George had succeeded Cardinal Joseph Bernardin, a beloved figure of national standing who advocated a "seamless garment" of life that gave equal weight to social justice teachings and opposition to abortion. By contrast, George prioritized upholding doctrine and preserving tradition, leading disgruntled priests to at first dub him "Francis the Corrector." George declared liberal Catholicism an "exhausted project," arguing it failed to pass on "the faith in its integrity" on marriage, the priesthood and other issues. "It no longer gives life," George wrote in 2004, in the Catholic magazine Commonweal. He said fighting abortion should be the primary concern of all Catholics.
In September 2014, the pendulum seemed to swing back when Pope Francis appointed Cupich as George's successor. Cupich has a record of taking a less confrontational approach on divisive social issues and works to build ties with those who disagree with church teaching. In George's brief time leading the archdiocese during Francis' pontificate, the cardinal said he struggled to understand the new pope's approach, calling the pontiff's messages "a bit jumbled at times."
"I'm sure he's not confused himself. It's confusing for a lot of people including myself at times. For someone who appreciates clarity, I would like to get a few things clear so I can cooperate," George said in an October 2014 interview with The Chicago Tribune.

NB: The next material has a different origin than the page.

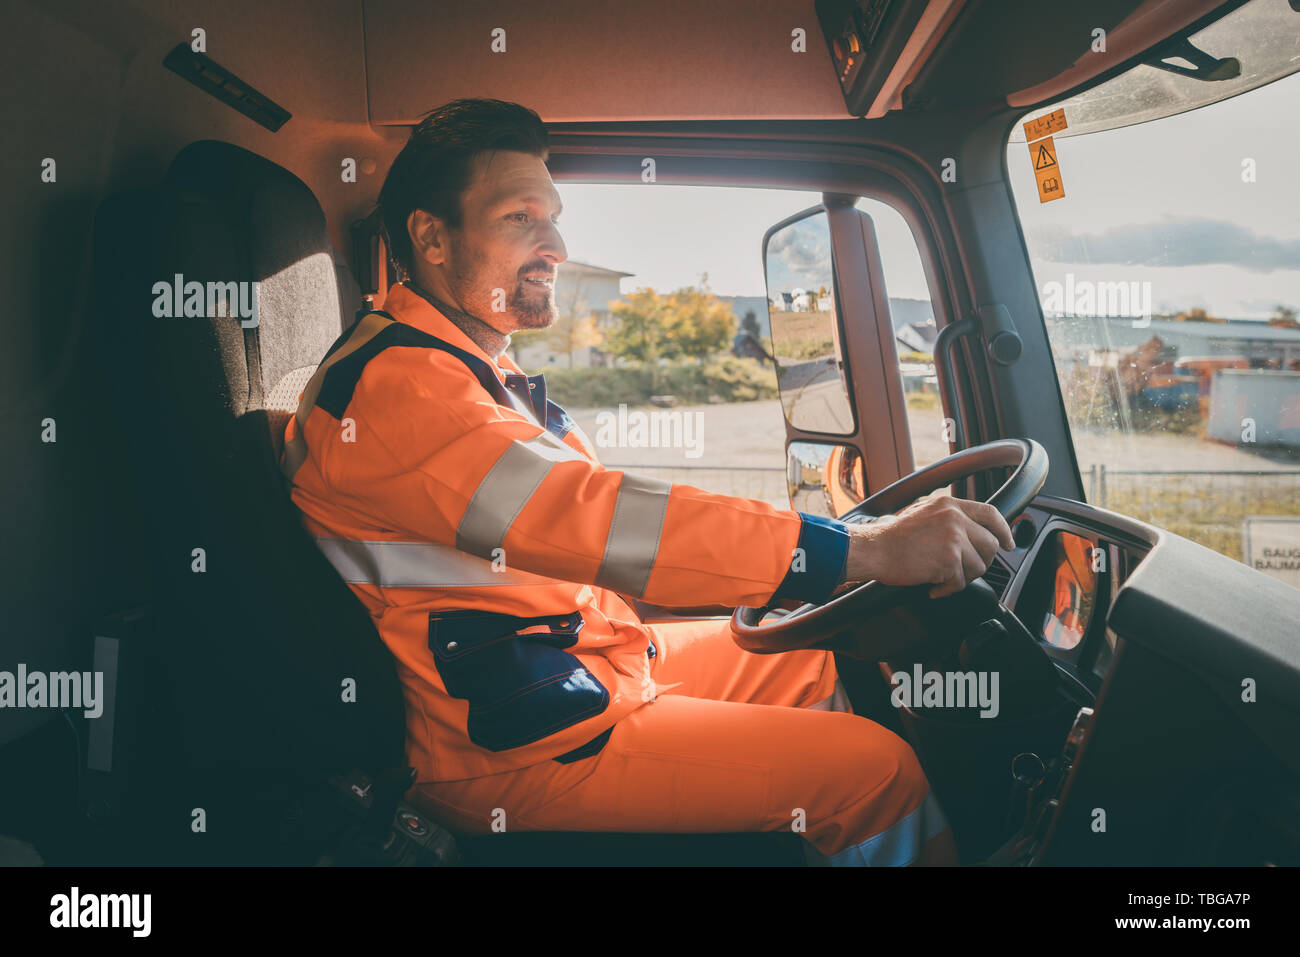 Garbage removal worker driving a dump truck  Stock Photo

As cardinal, George could be startling blunt when he believed the church was under threat. When a proposed route meant the Chicago Gay Pride Parade would pass a parish around Sunday Mass, George warned the procession could "morph into the Ku Klux Klan, demonstrating in the streets against Catholicism." He later apologized. Addressing what he considered increasing hostility toward Christianity, he said, "I expect to die in bed, my successor will die in prison and his successor will die a martyr in the public square." He later said he was not making a prediction, but describing a worst-case scenario in a commentary that concluded the church would survive despite these travails.
"I don't want to hurt anybody," George told the Tribune. "But if you say, 'Unless you agree with me I'll be hurt,' well, that's not a just demand."
Despite his leadership in confronting clergy sex abuse, George faced a 2006 crisis over his own actions, when the Rev. Daniel McCormack, a local priest, was left in a parish for several months despite abuse allegations against him. McCormack eventually pleaded guilty to molesting five children. George apologized for not acting sooner. Thousands of documents released toward the end of George's tenure as part of a settlement with victims revealed the cardinal went against his advisers in one case to delay removing an accused priest, and tried to win early release from a Wisconsin prison for a priest convicted of molesting a child, although the cardinal later reversed his stand to the parole board.